Klub Bavitto w Katowicach jest popularnym miejscem spędzania czasu przez imprezowiczów - nie tylko z Katowic, ale także z innych miast na Śląsku. Lokal chciał w tym roku ugościć klientów także w swoim letnim ogródku, gdzie mogło by się znajdować m.in. kino plenerowe. Takiej możliwości jednak nie będzie. Jak informują na Facebooku przedstawiciele klubu, Zakład Zieleni Miejskiej w Katowicach nie wydał pozwolenia na dzierżawę terenu na Placu Miarki, nieopodal którego znajduje się lokal. - Od 7 lat - początku istnienia lokalu Bavitto, zieleń miejska utrudniała uzyskanie zgody na dzierżawę terenu pod letni ogródek.

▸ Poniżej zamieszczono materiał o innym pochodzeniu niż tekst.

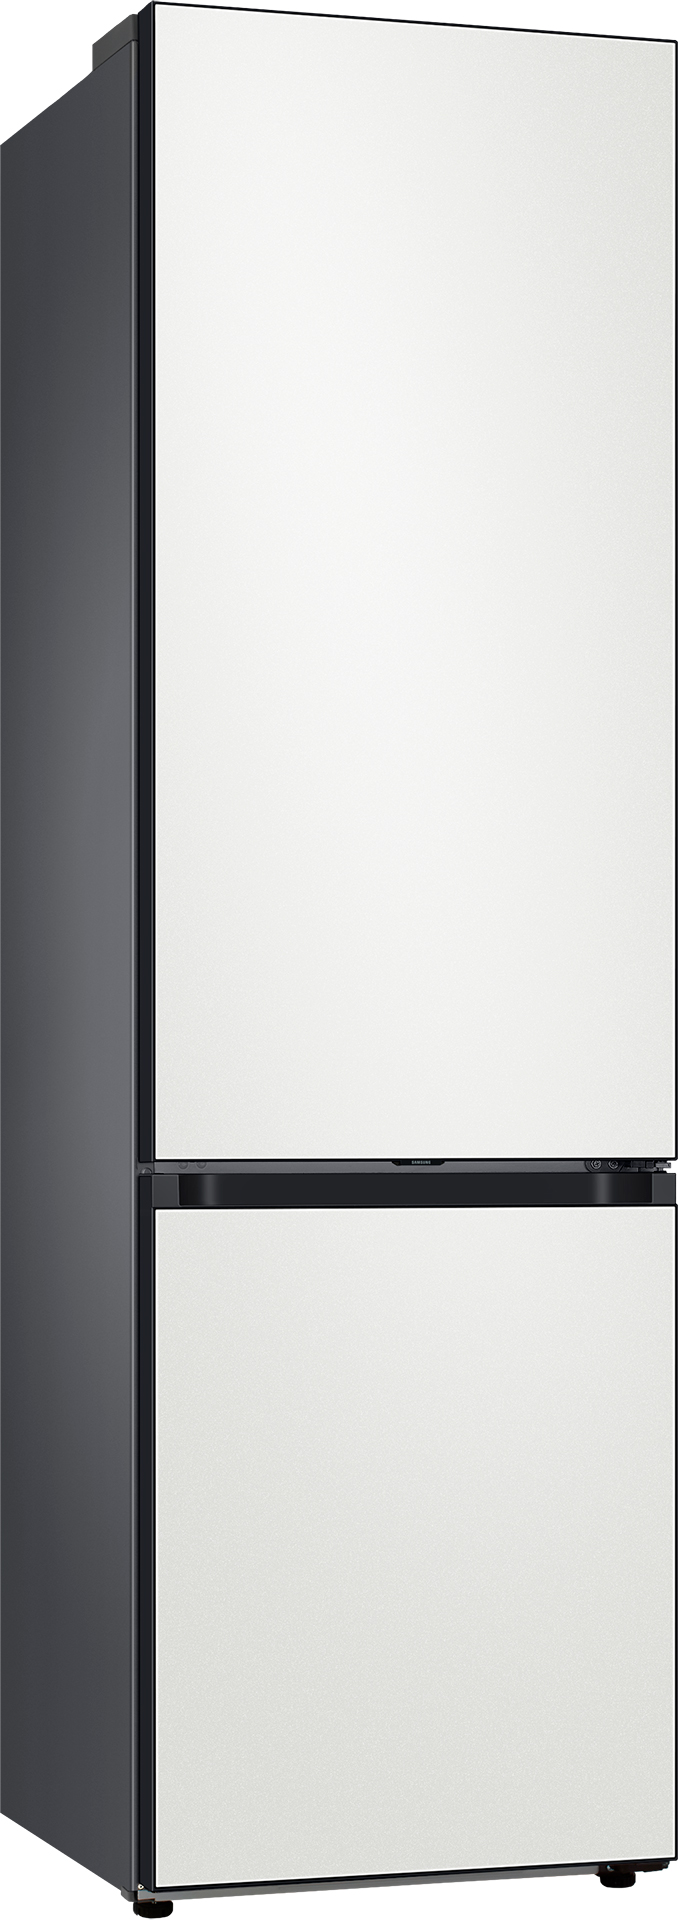 Холодильник Samsung RB38A6B62AP/UA отзывы - изображения 5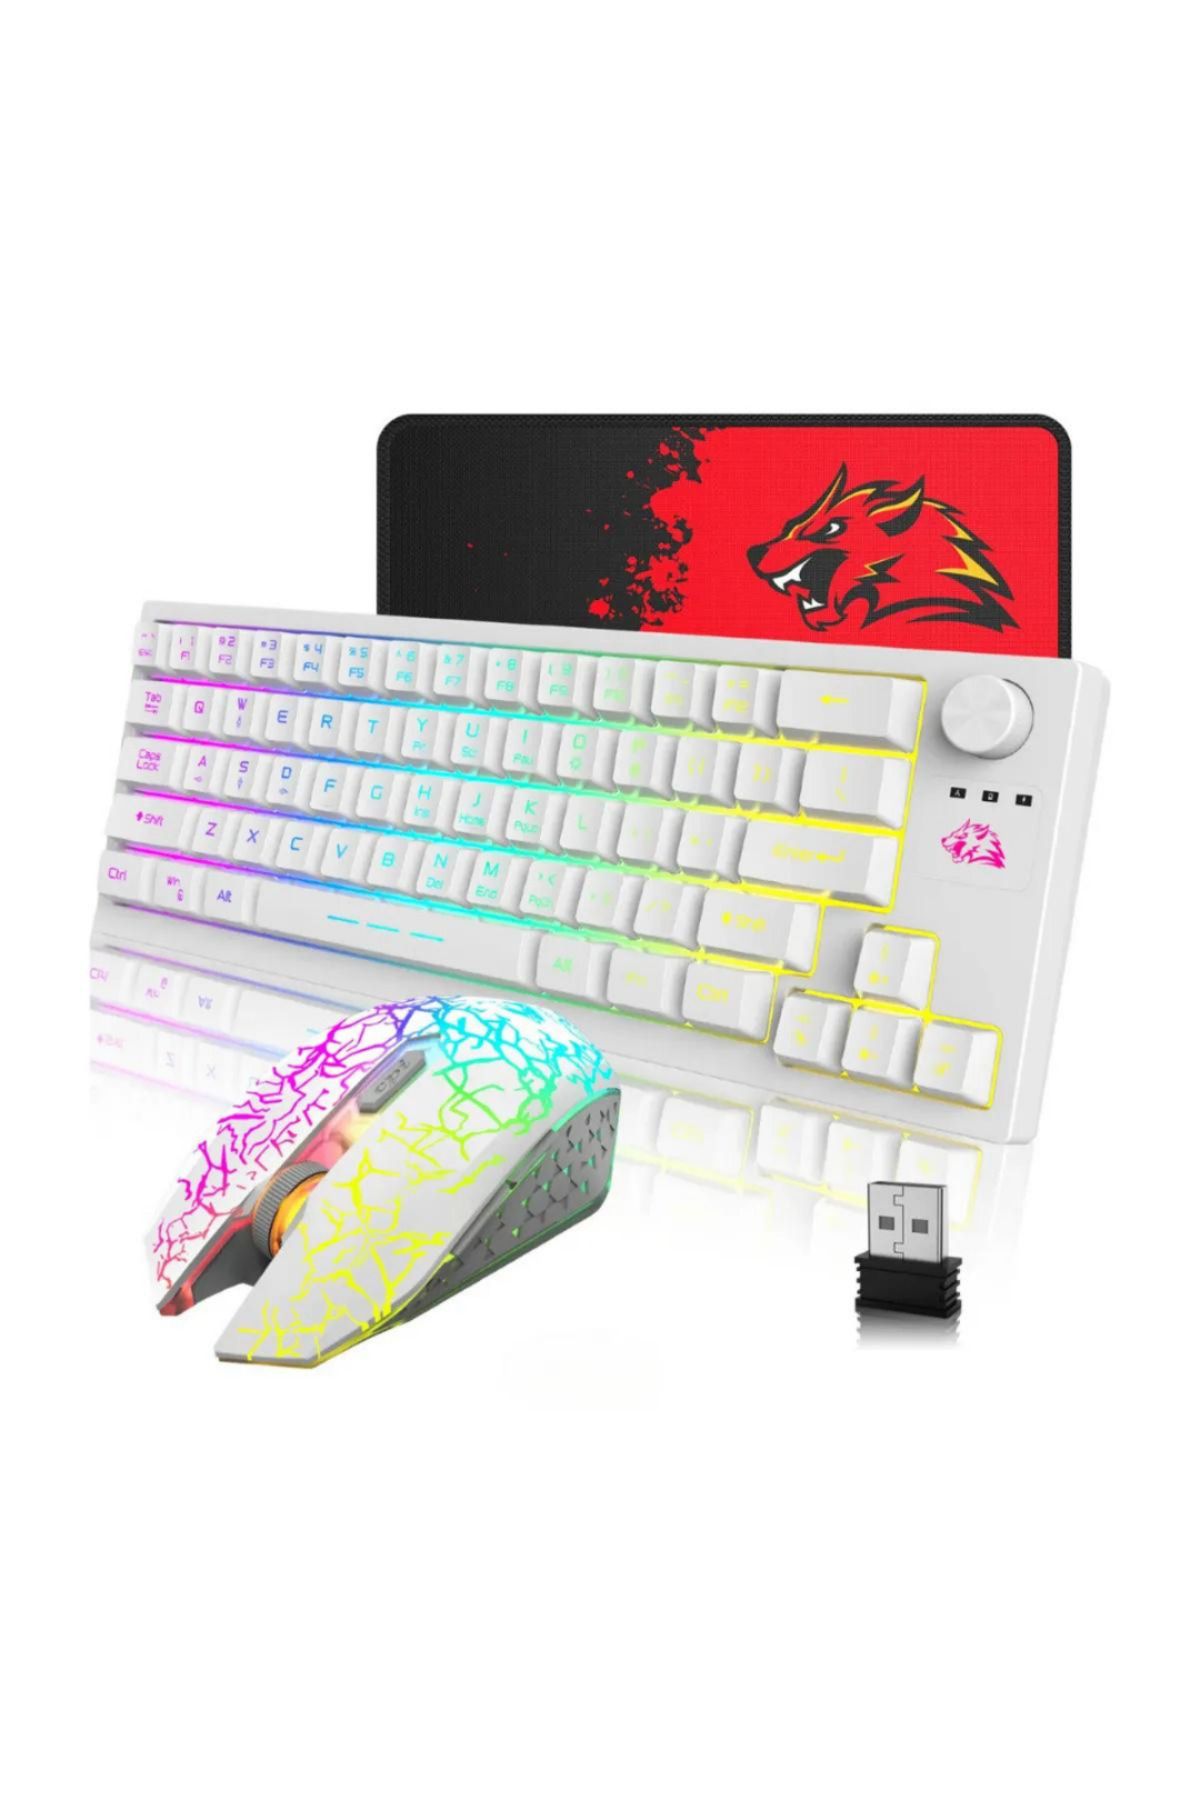 XİRA T50 Kablosuz Işıklı Klavye Mouse Rainbow Aydınlatmalı Mekanik Hisli Mousepad Hediyeli

Pisma, które wystosowywaliśmy co roku w okolicach kwietnia pozostawały rozpatrywane negatywnie, jednak po wielu rozmowach, prośbach i argumentach przemawiających za społeczną i estetyczną słusznością ogródka włodarze terenu ostatecznie wystawiali zgodę na naszą działalność - piszą zniesmaczeni przedstawiciele klubu.
W tym roku jednak magistrat nie wydał pozytywnej decyzji, co dla lokalu jest ciosem w plecy. - Jest nam bardzo przykro z powodu odebrania szansy powrotu do normalności, możliwości spędzenia czasu na zewnątrz i w towarzystwie kina plenerowego, które co roku było jedną z letnich kulturalnych atrakcji Katowic - piszą właściciele. Czemu nie mogą otworzyć ogródka? Ich zdaniem powód jest jeden.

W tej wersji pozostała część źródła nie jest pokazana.